> _What the task asks_
Pictures stay out. Everything else in the listing below gets written out exactly.

> _Given data_
* * * * *
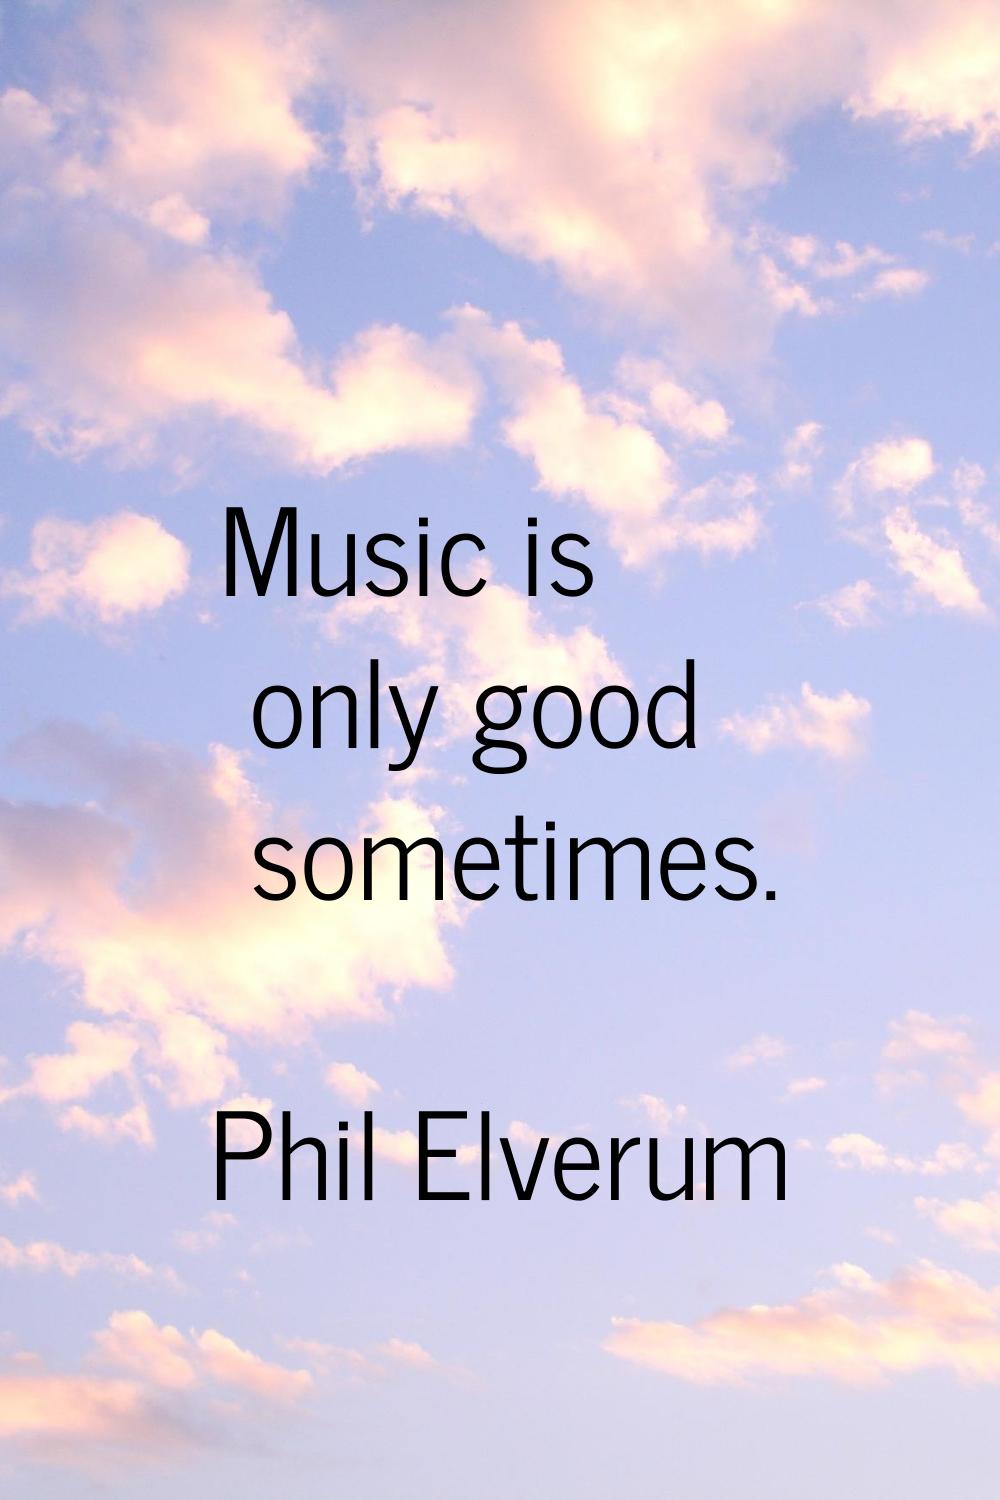 Music is only good sometimes.
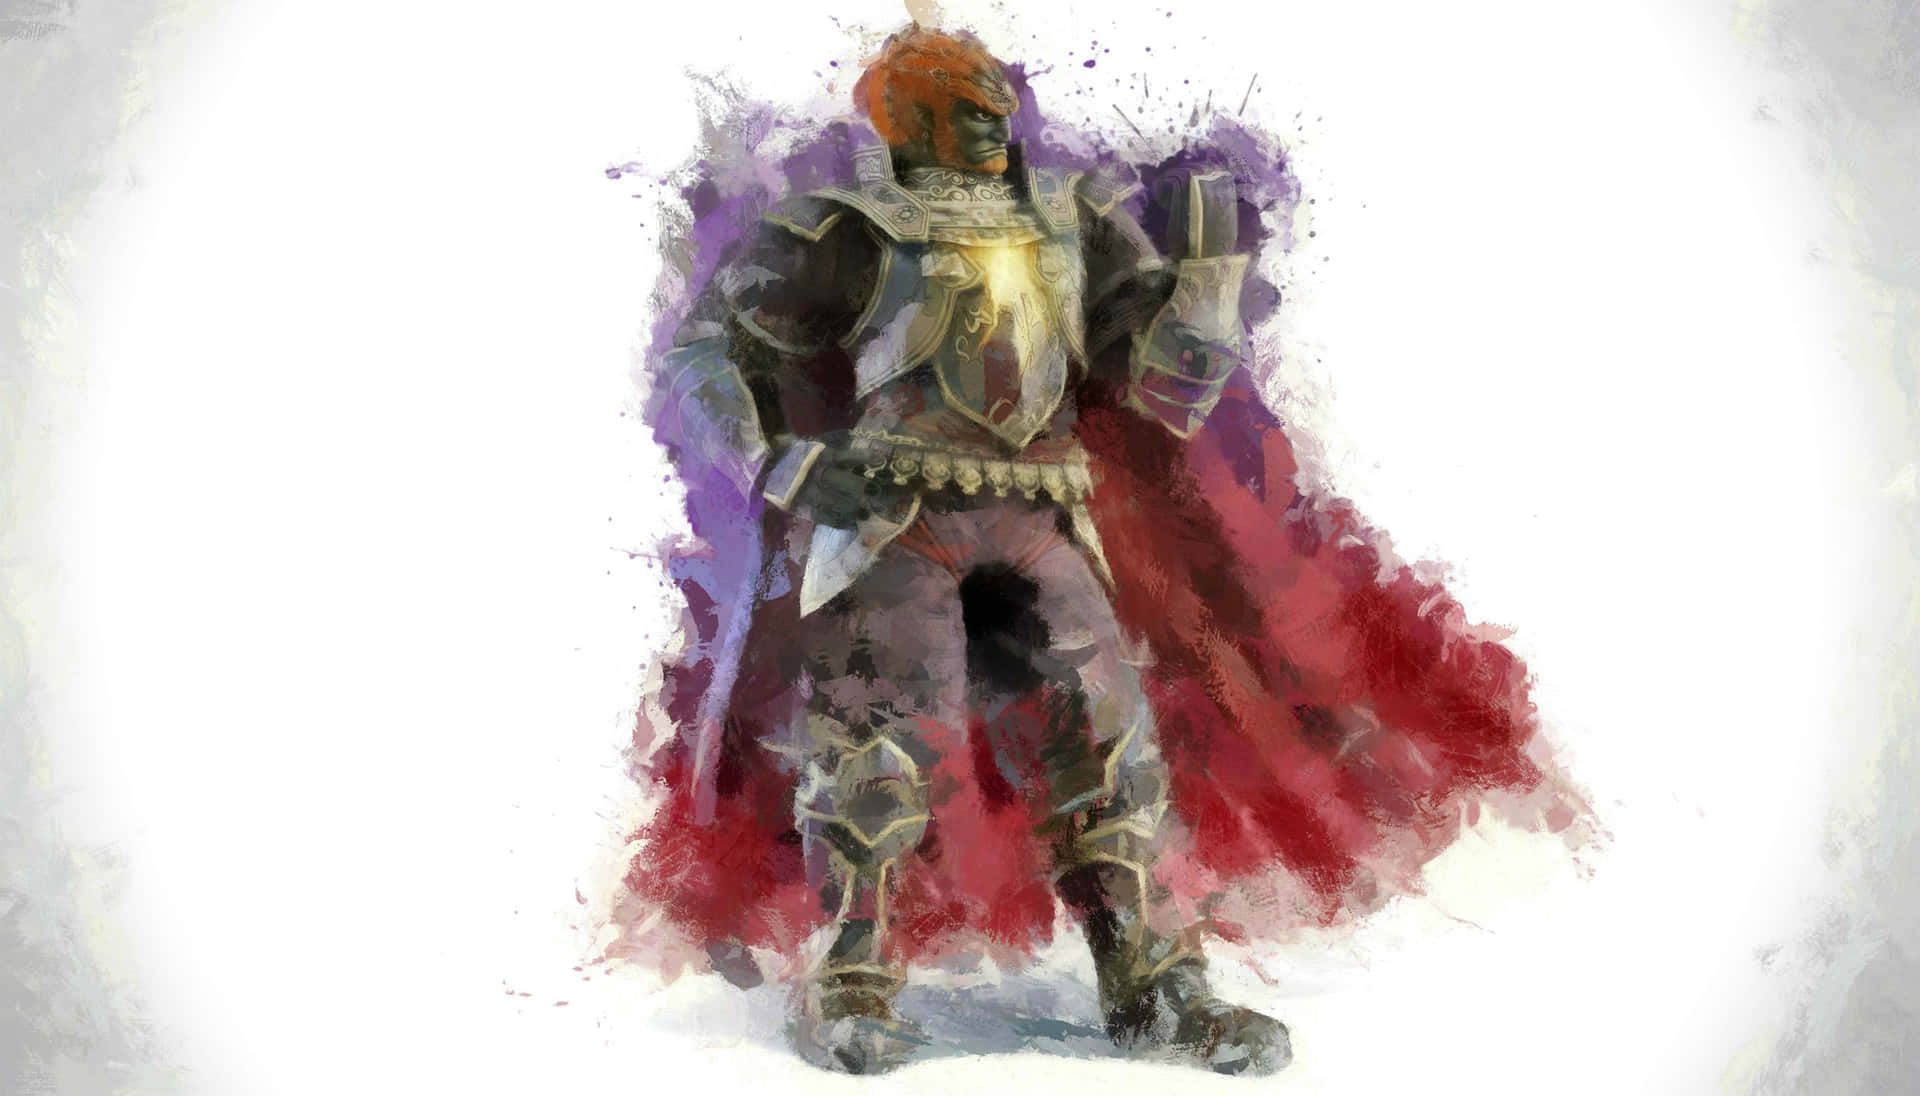 The Mighty Ganondorf unleashed in a powerful pose Wallpaper
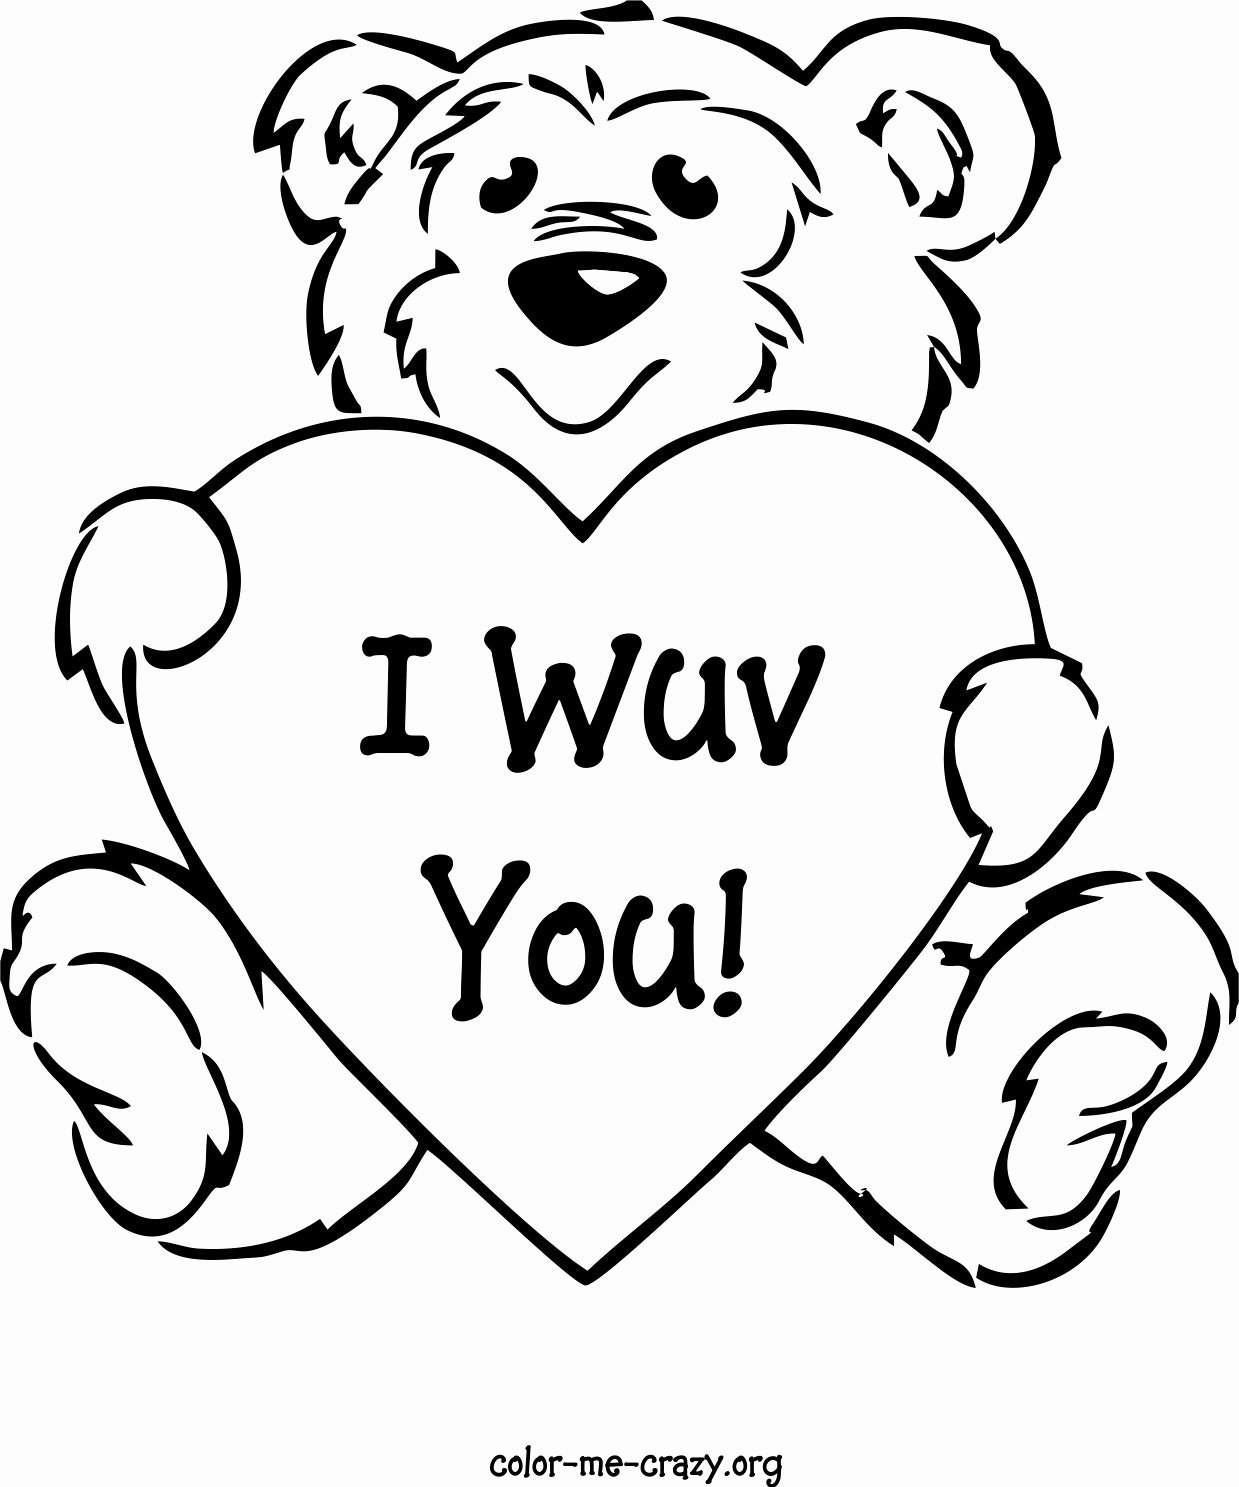 Cute Love Coloring Pages | Meriwer Coloring
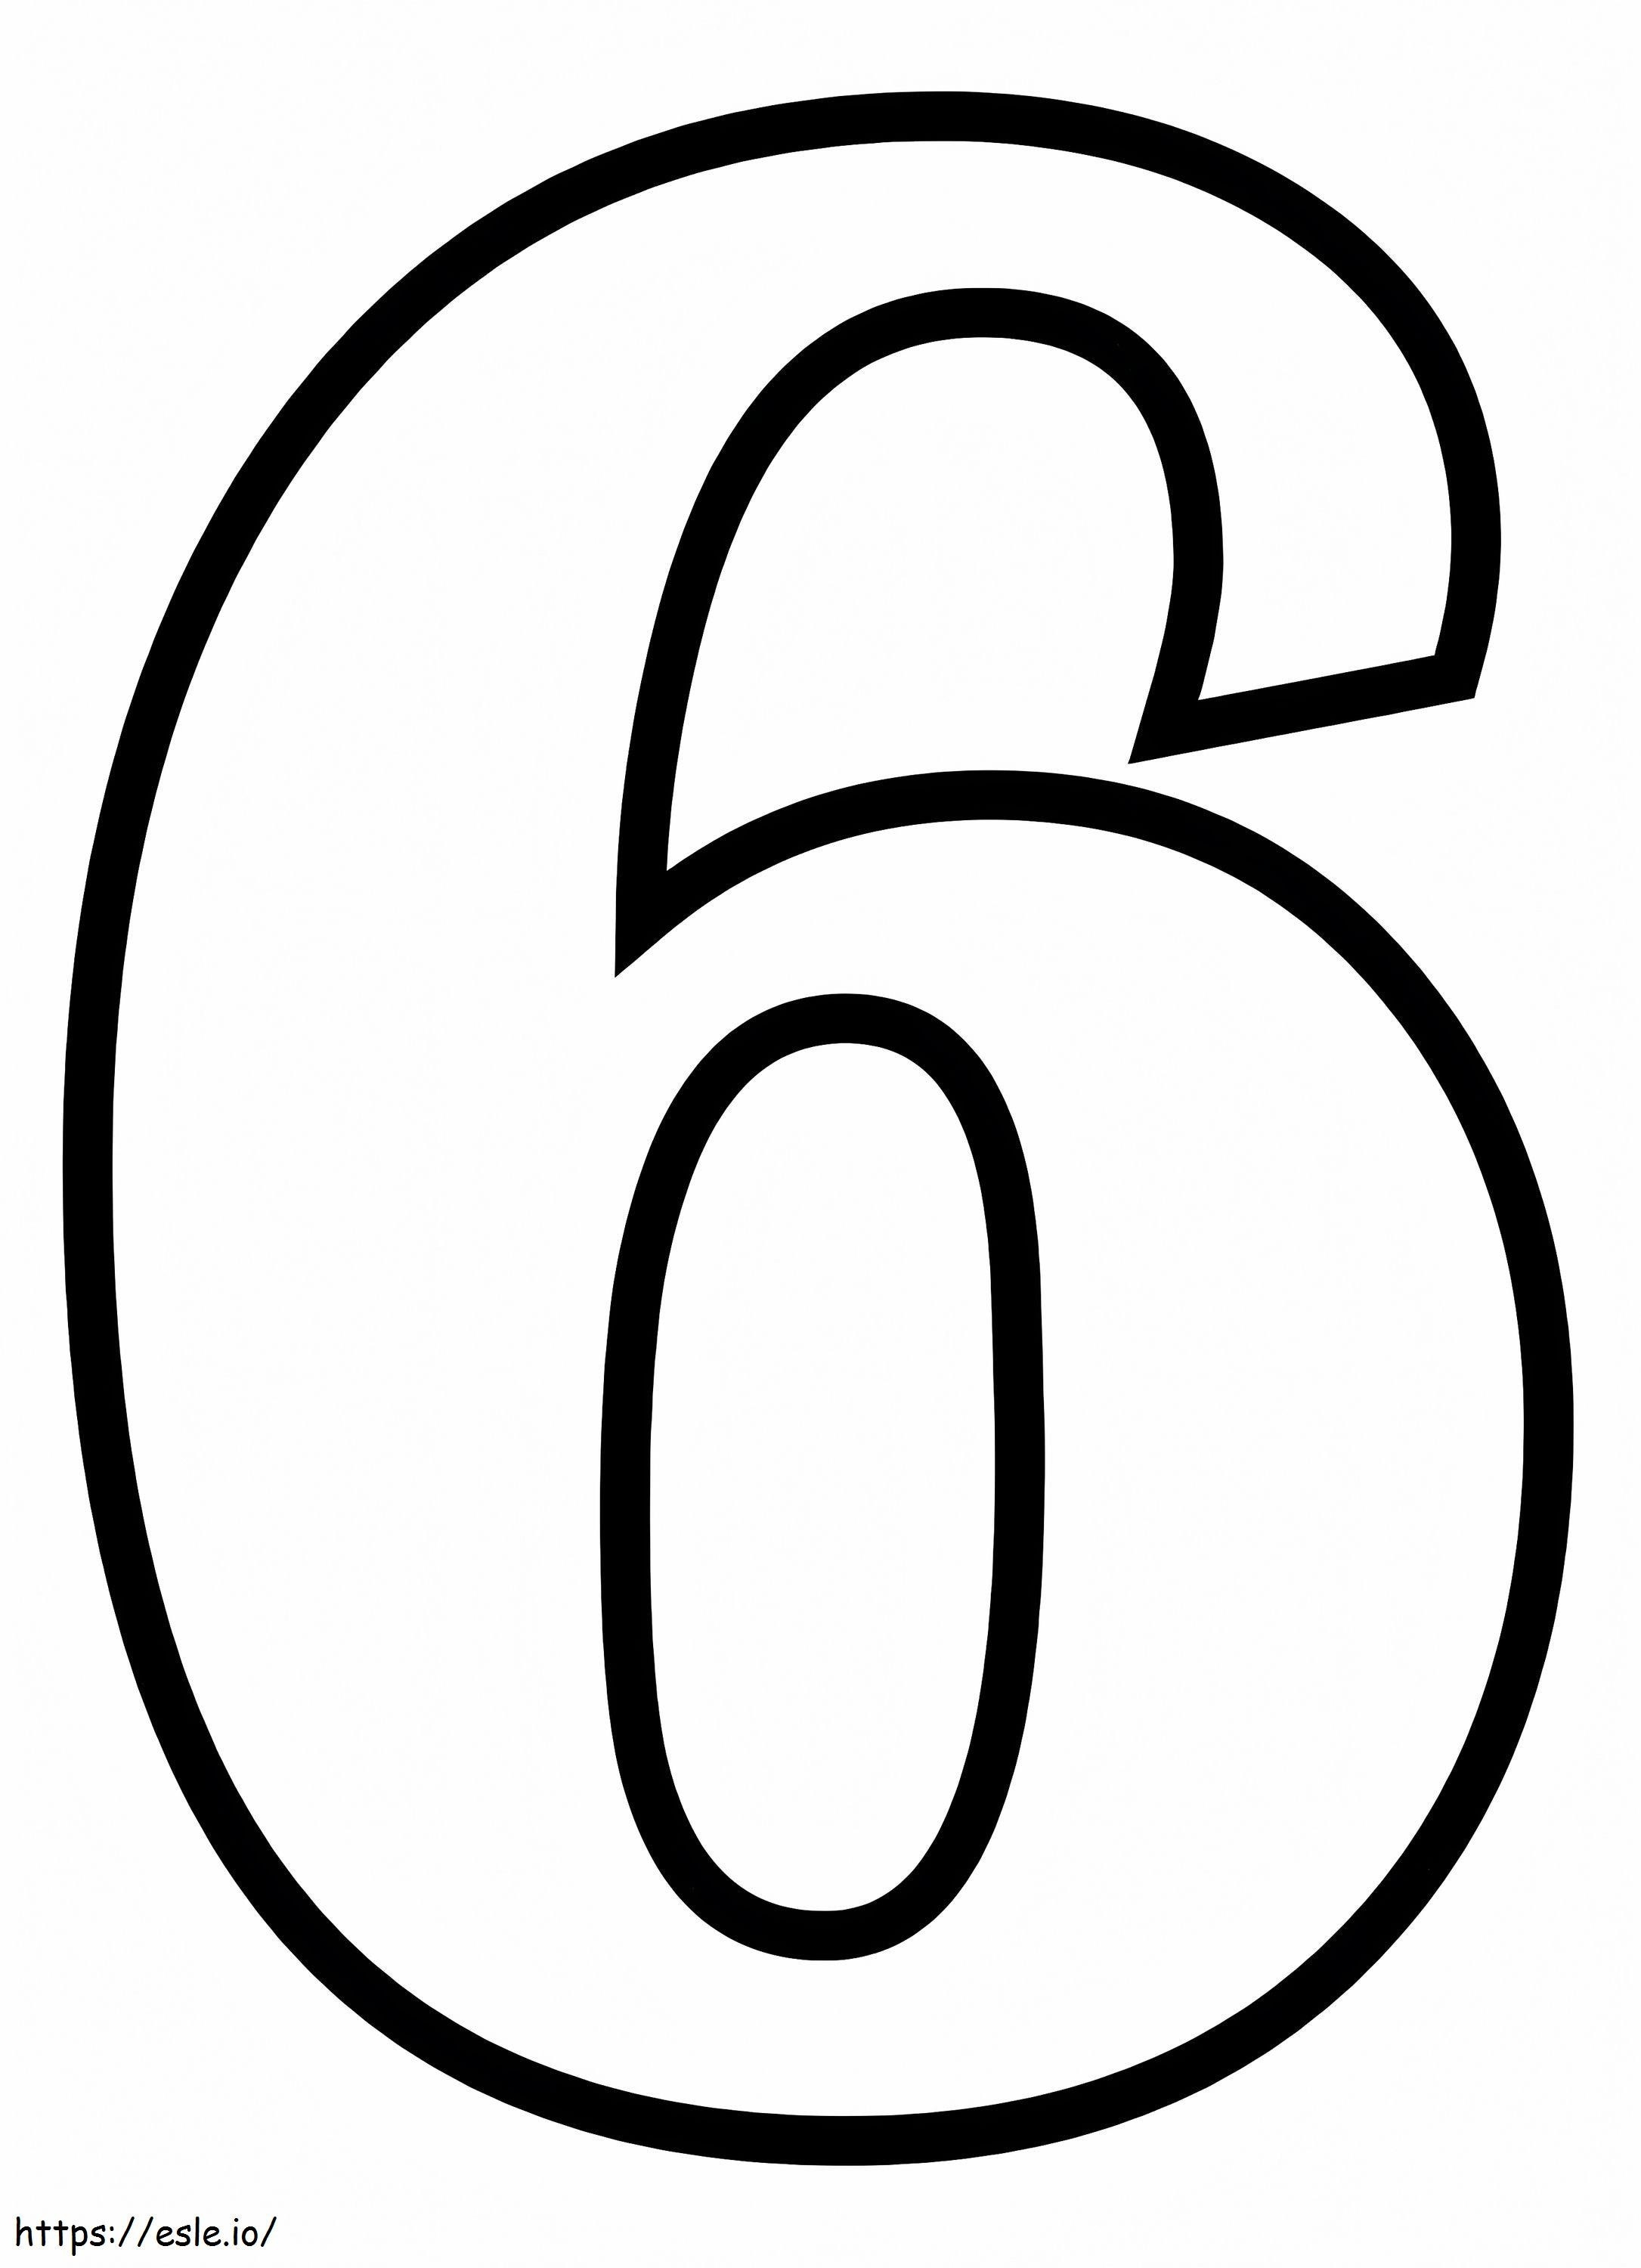 Simple Number 6 coloring page
* * * * *
> _Solution to this task_
 Music is only good sometimes.
 The Mighty Ganondorf unleashed in a powerful pose Wallpaper
 Cute Love Coloring Pages | Meriwer Coloring
 Simple Number 6 coloring page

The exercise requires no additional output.